11:36 🔗 midas s3 had alot of slowdowns, probably just going mental for a bit
12:22 🔗 midas getting some bigass originals from rawporter now
12:45 🔗 arkiver http://www.codespaces.com/
13:19 🔗 Cameron_D http://blog.snappytv.com/?p=2101
13:19 🔗 Cameron_D https://blog.twitter.com/2014/snappytv-is-joining-the-flock
13:21 🔗 Cameron_D doesn't seem like they really host anything
13:21 🔗 Cameron_D (Nor does it seem like they are closing up yet)
18:36 🔗 schbirid thanks for cleaning up https://archive.org/details/nycTaxiTripData2013 whoever did that :)
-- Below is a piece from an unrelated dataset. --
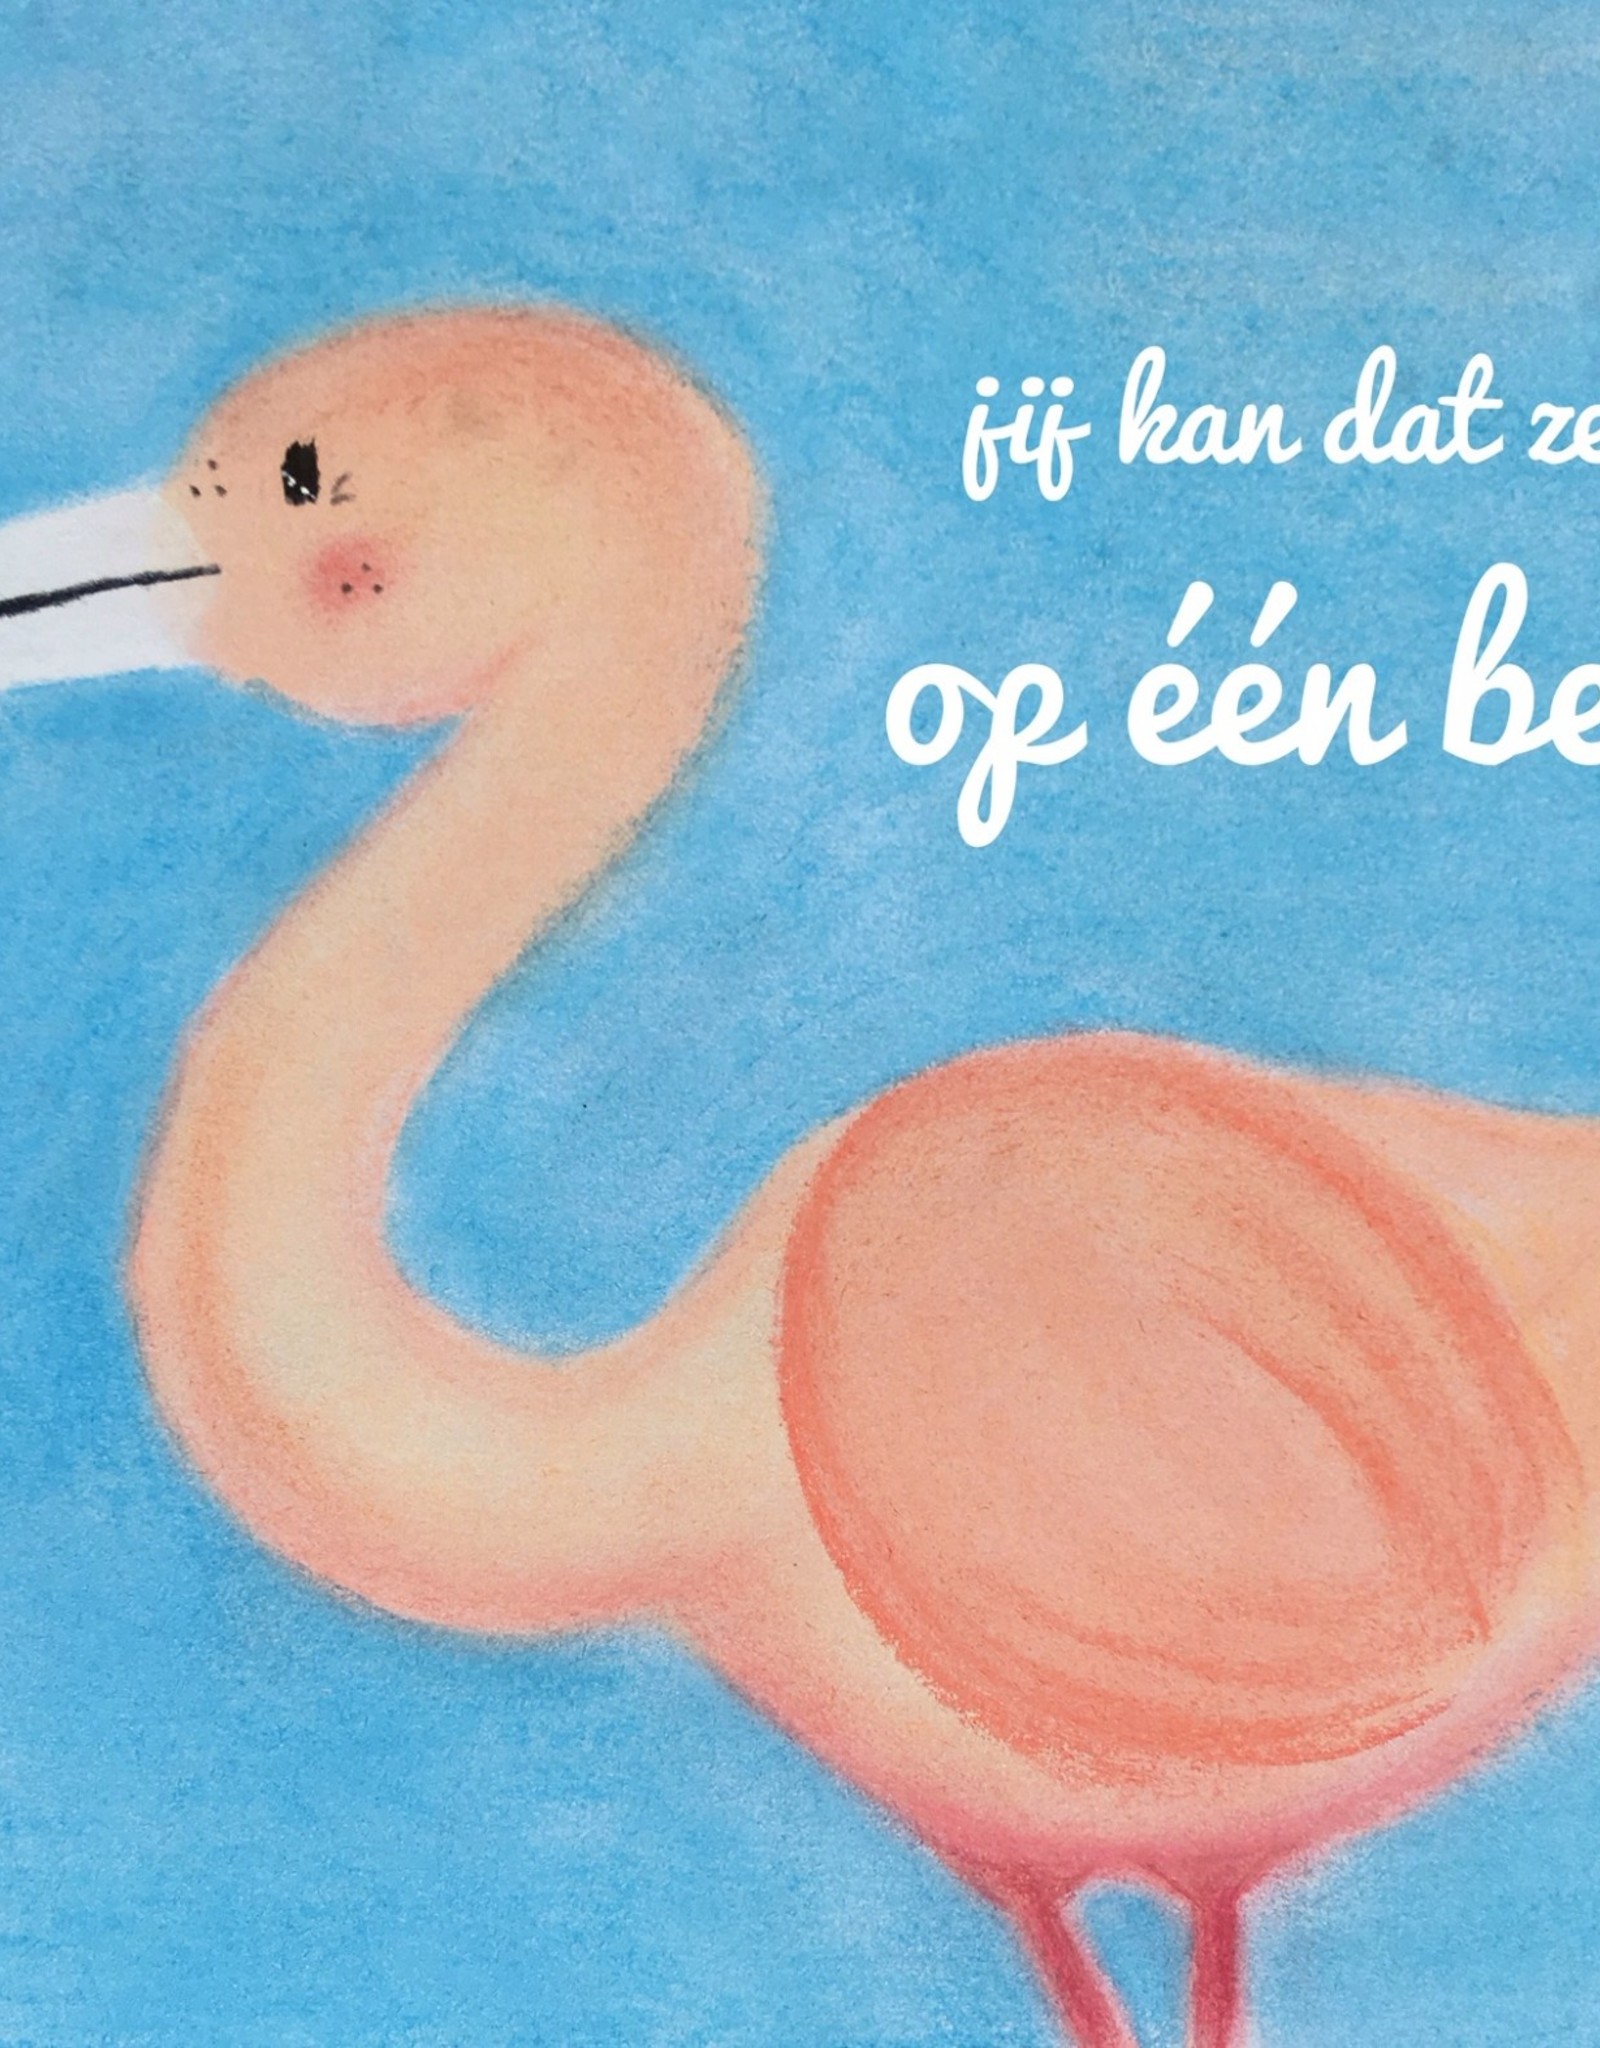 snoetjes vol sproetjes Kaartje Flamingo rechthoek - Jij kan dat zelfs op één been!

18:42 🔗 DFJustin you might want to put a better title/description on it
18:53 🔗 schbirid true
18:54 🔗 SN4T14 I want to make a shitty "acid trip" joke. :p
19:00 🔗 midas about 1000 more items to go in the rawporter grab from S3
19:10 🔗 swebb Pixorial video-, photo-sharing service shutting down - Denver... Giving 30-days notice. http://www.bizjournals.com/denver/news/2014/06/17/pixorial-video-photo-sharing-service-shutting-down.html?ana=twt
19:19 🔗 swebb "636,000 users, 2.7 million minutes of video and countless photos"
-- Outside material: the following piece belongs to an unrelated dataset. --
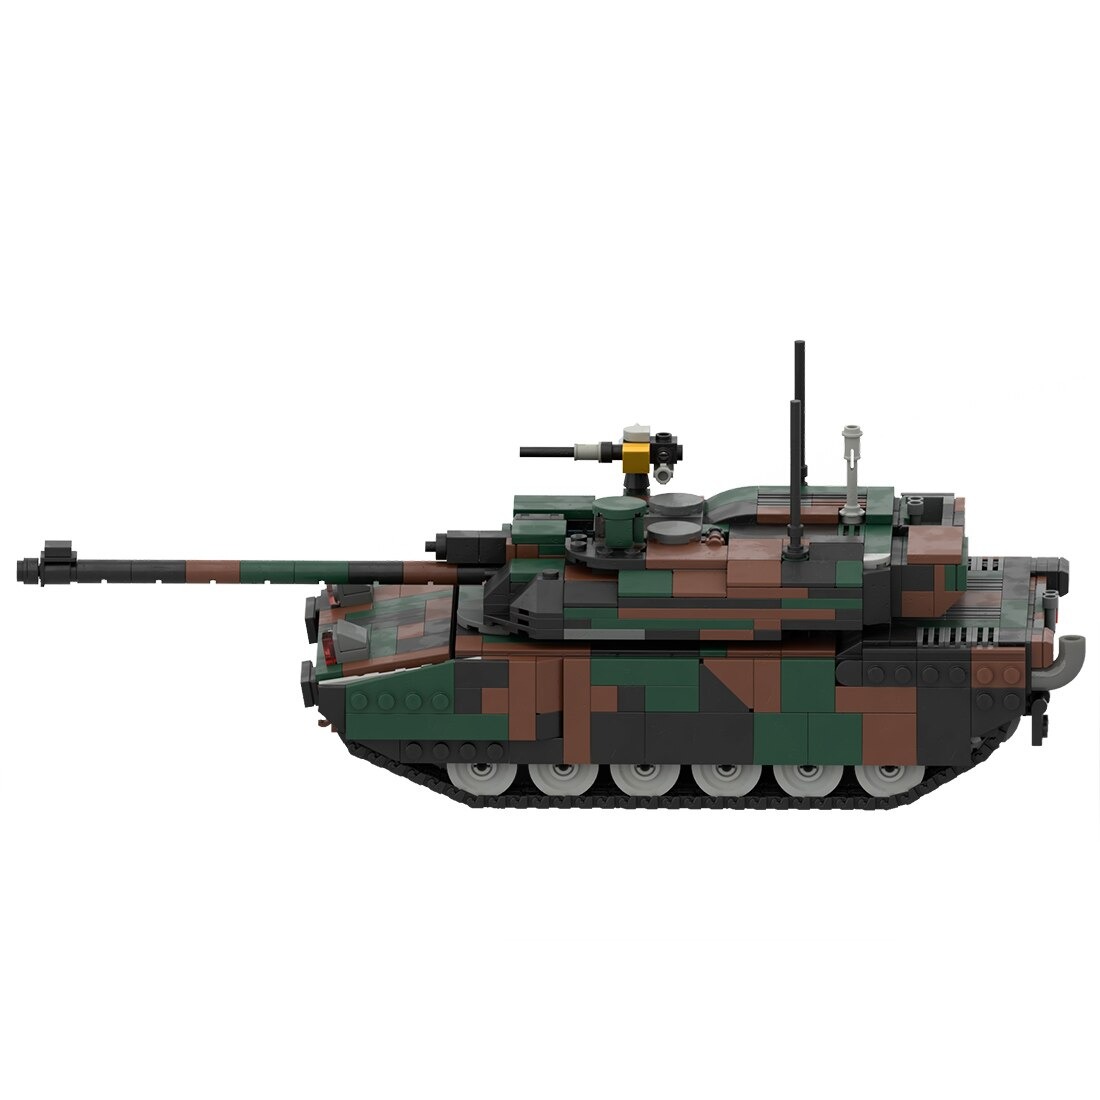 Moc 34858 Leclerc Main Battle Tank Model Main 3.jpg

19:27 🔗 ivan` google doesn't seem to know much of their user content, so I'm guessing it's almost entirely private?
19:27 🔗 ivan` did spot some "www.pixorial.com/watch/" https://encrypted.google.com/search?q=site:pixorial.com&gbv=1&prmd=ivns&ei=EzmjU5SWA4bxoATxyIKYAg&start=20&sa=N
19:27 🔗 db48x signups are disabled
19:27 🔗 db48x no information about their api
19:27 🔗 swebb Yea, I'm guessing so. It seems like the company is only 6 months old or so.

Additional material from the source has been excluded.